Делон вдруг стал ловить открытым ртом воздух.


– Я сердечник, я сердечник, – жалко повторял он. – Моя колонка – это моя жизнь. Материал вышел такой остроумный.

– Ты перестарался, Жак, – мрачно сообщил Вагнер, – и уволен. Но это ничего, главное, дышать, дыши глубже, дыши глубже…

– У меня двое племянников, я плачу за их учебу в университете, – прибавил он с жалкой улыбкой, которая так не вязалась с его выхоленным лицом и благородными сединами. Вагнер! Помоги мне! Сан-Марино не может быть таким жестоким! Всю свою жизнь, весь свой талант я отдал этой газете, и теперь…

Рано иди поздно, все люди уходят, – поставил точку Вагнер. – Сан-Марино принял решение и не желает его обсуждать. Я лучше всех знаю, чего ты стоишь, Жак, старина, но ничем не могу тебе помочь!

Когда Делон вернулся в редакцию, на нем лица не было. Коллеги обступили его с веселыми вопросами, пытаясь свести на нет шутками и подначками разнос, который, судя по виду Делона, устроило ему начальство.


– Меня уволили, – наконец нашел в себе силы выговорить Жак. – Моя жизнь кончена!

Услышав такое сообщение, даже самые языкастые репортеры примолкли. Остаться без работы во времена, когда она на вес золота да еще в возрасте Делона, тут было о чем задуматься!


– Я думаю, имеет смысл поговорить с Вагнером, – решил Шику. – А ты, пожалуйста, возьми себя и руки, а то, не дай Бог, тебя хватит удар и помогать будет некому.

– Спасибо тебе, моя жизнь в твоих руках, – лепетал Делон, с восторгом глядя на своего молодого коллегу.

Шику незамедлительно отправился к Вагнеру, но вышел от него довольно скоро.
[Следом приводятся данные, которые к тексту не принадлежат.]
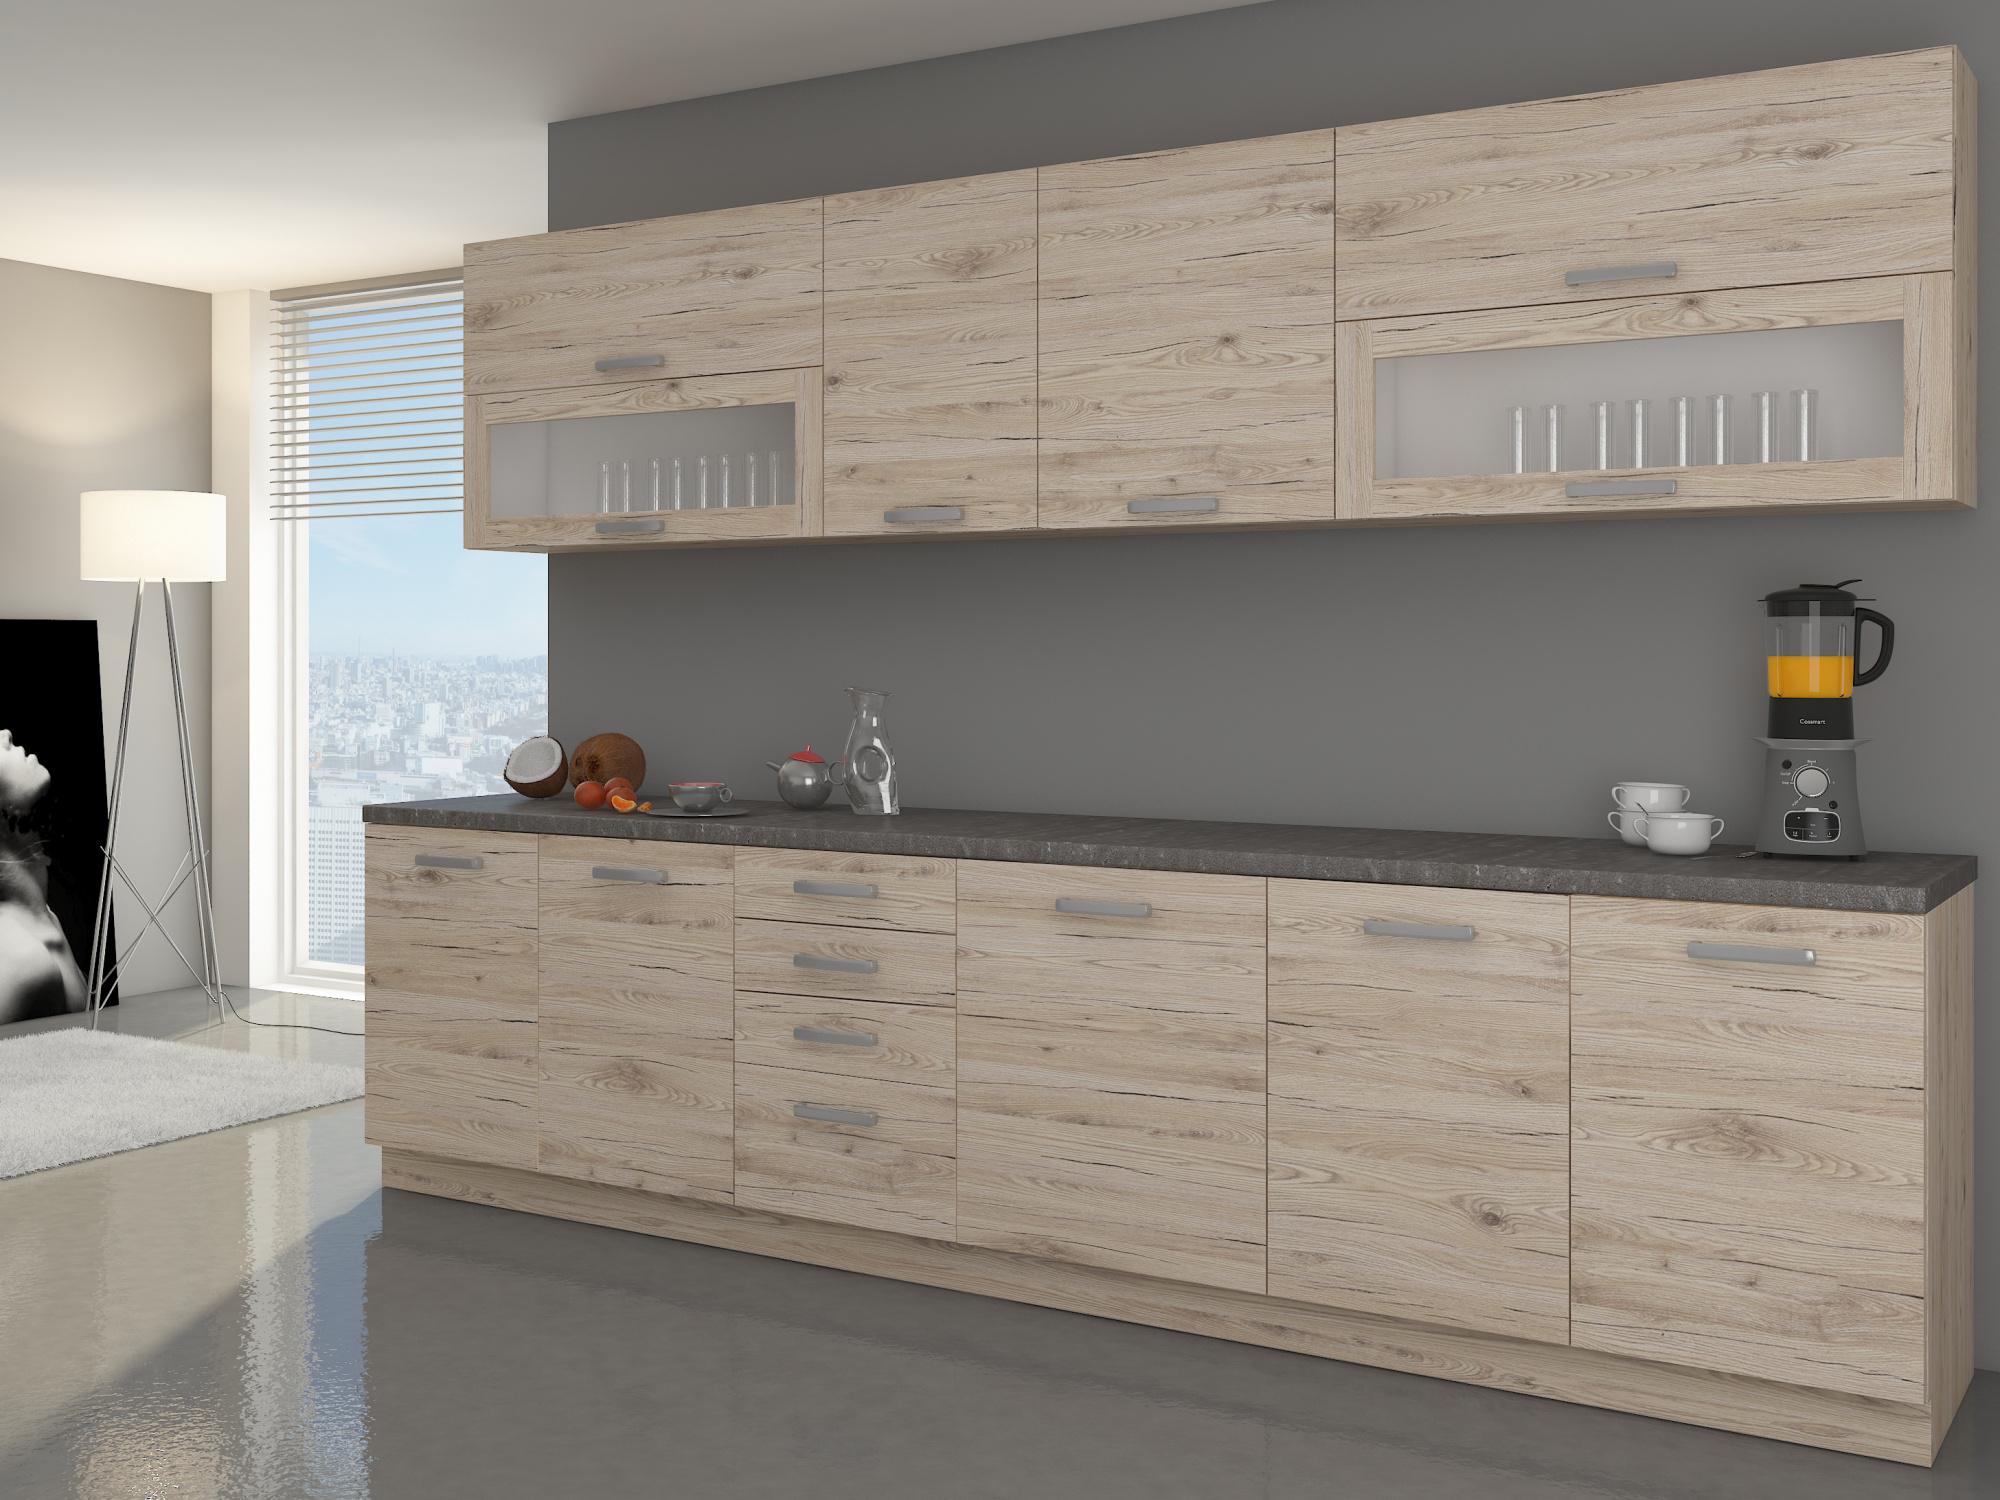 Kuchyně BORDEAUX 260, dub bordeaux

Вагнер очень доходчиво объяснил, что не он хозяин газеты и, стало быть, ничем помочь Делону не может.


– Я пытался, поверь, но он меня и слушать стал, – сказал Вагнер. – Делон уволен, с этой данностью мы все должны смириться.

Смириться? Вот еще! Если они позволят сегодня скушать Делона, завтра скушают их всех по очереди.
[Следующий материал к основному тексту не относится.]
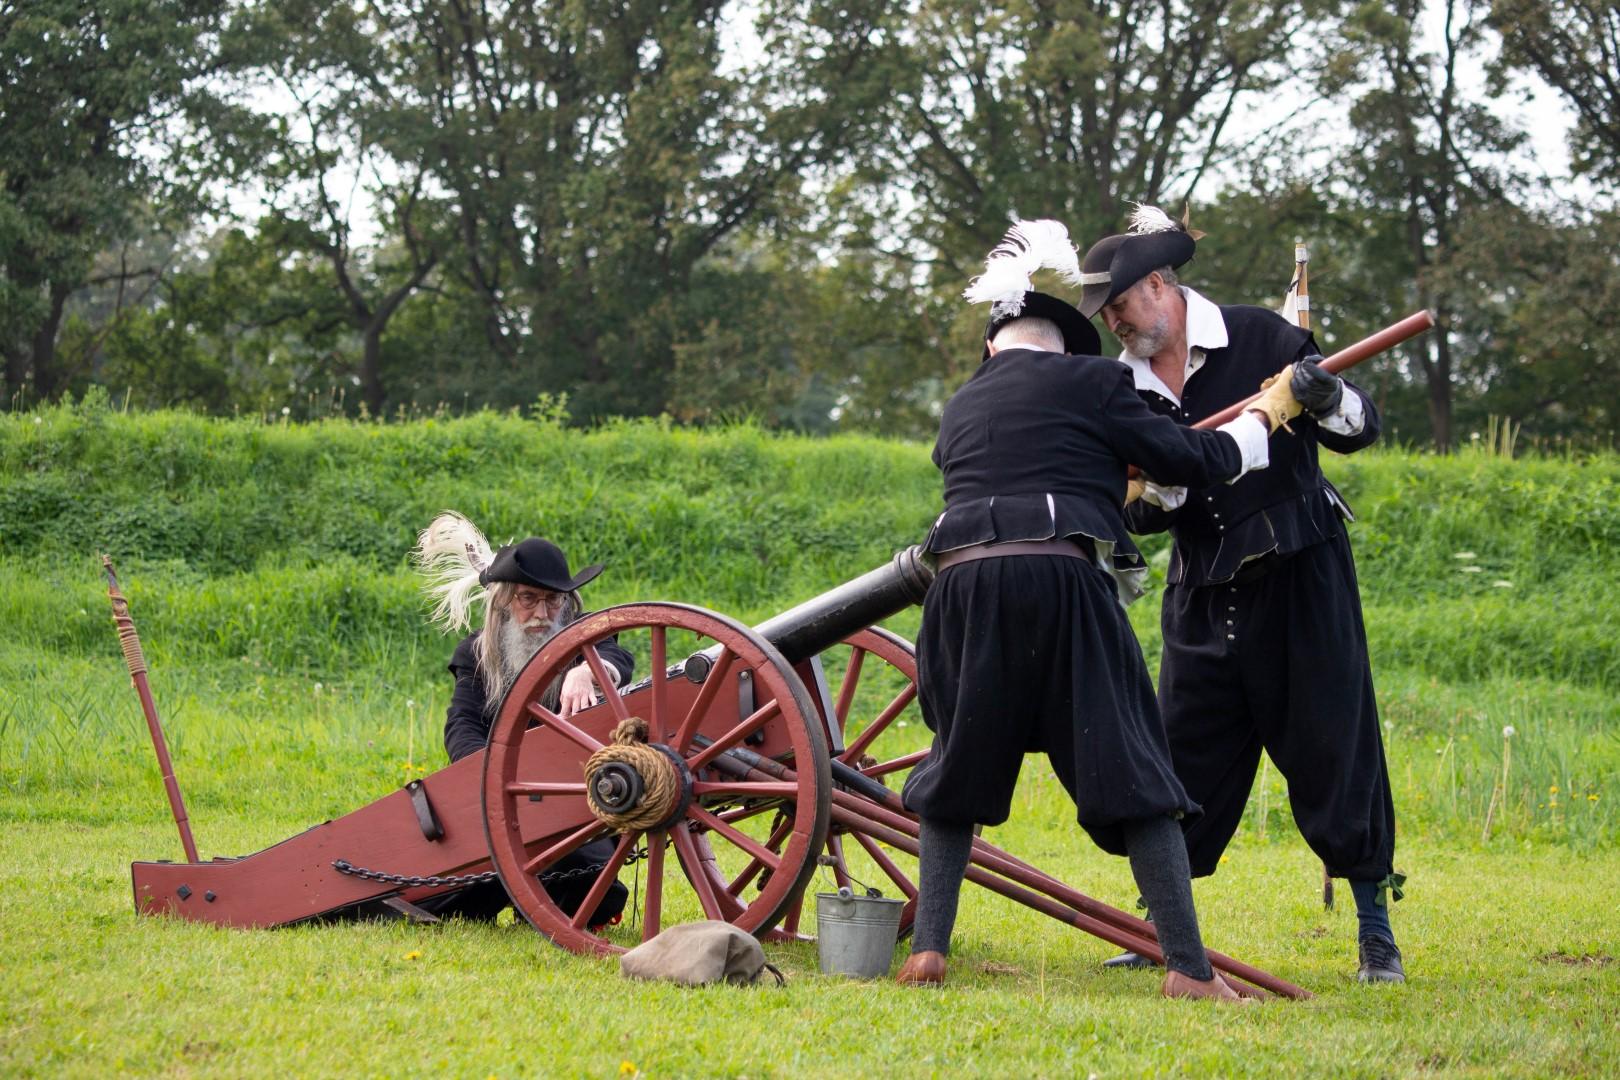 de borgerij demonstratie open monumentendag klederdracht kleding kanon LARP vroeger fort de roovere waterlinie

– Мне посоветовали принять увольнение Делона как должное и смириться, но мне показалось, что нам нужно объединиться, друзья, и объявить Сан-Марино, что, если он не берет назад Делона, мы уходим все! объявил Шику редакции, которая ждала с нетерпением решения начальства.

Нужно отдать должное коллегам Делона – никто из них не колебался. Предложение показалось им отчасти веселой шуткой, отчасти шалостью. Все они были молодыми, полными сил людьми, и безработица пугала их куда меньше, чем Делона. Они готовы были поставить на карту свое благополучие ради товарищества и вместе с тем не сомневались, что даже если их уволят отсюда, то они очень скоро найдут себе работу. Словом, забастовка была объявлена, вся редакция сидела на местах, но не работала

Узнав о неповиновении, более того, о возмутительном бунте, Сан-Марино рявкнул:


– Уволить всех!

Зезе и Ана Паула побледнели: женщинам с работой труднее, чем мужчинам. Они все же рассчитывали на победу, а не на поражение.

Шику ринулся разговаривать с шефом.


– Вы совершите величайшую глупость, уволив всю редакцию, – заговорил он, испепеляя Сан-Марино гневным взглядом, – во-первых, вы понесете колоссальные убытки, если «Коррейу Кариока» не появится завтра во всех киосках. Во-вторых, убытки станут еще больше, пока вы будете набирать новый персонал и приучать его к нашему читателю.

Сан-Марино с любопытством смотрел на молодого человека, он был явно неглуп, энергичен, напорист.


– И что же ты предлагаешь? – поинтересовался он.

– Я был зачинщиком этой забастовки, поэтому самое правильное уволить меня, оставив остальных на своих местах, – сказал Шику.

«И дать тебе возможность собирать обо мне информацию? – усмехнулся Сан-Марино. – Безденежьем подтолкнуть тебя к написанию книги? Ну, уж нет, голубчик!»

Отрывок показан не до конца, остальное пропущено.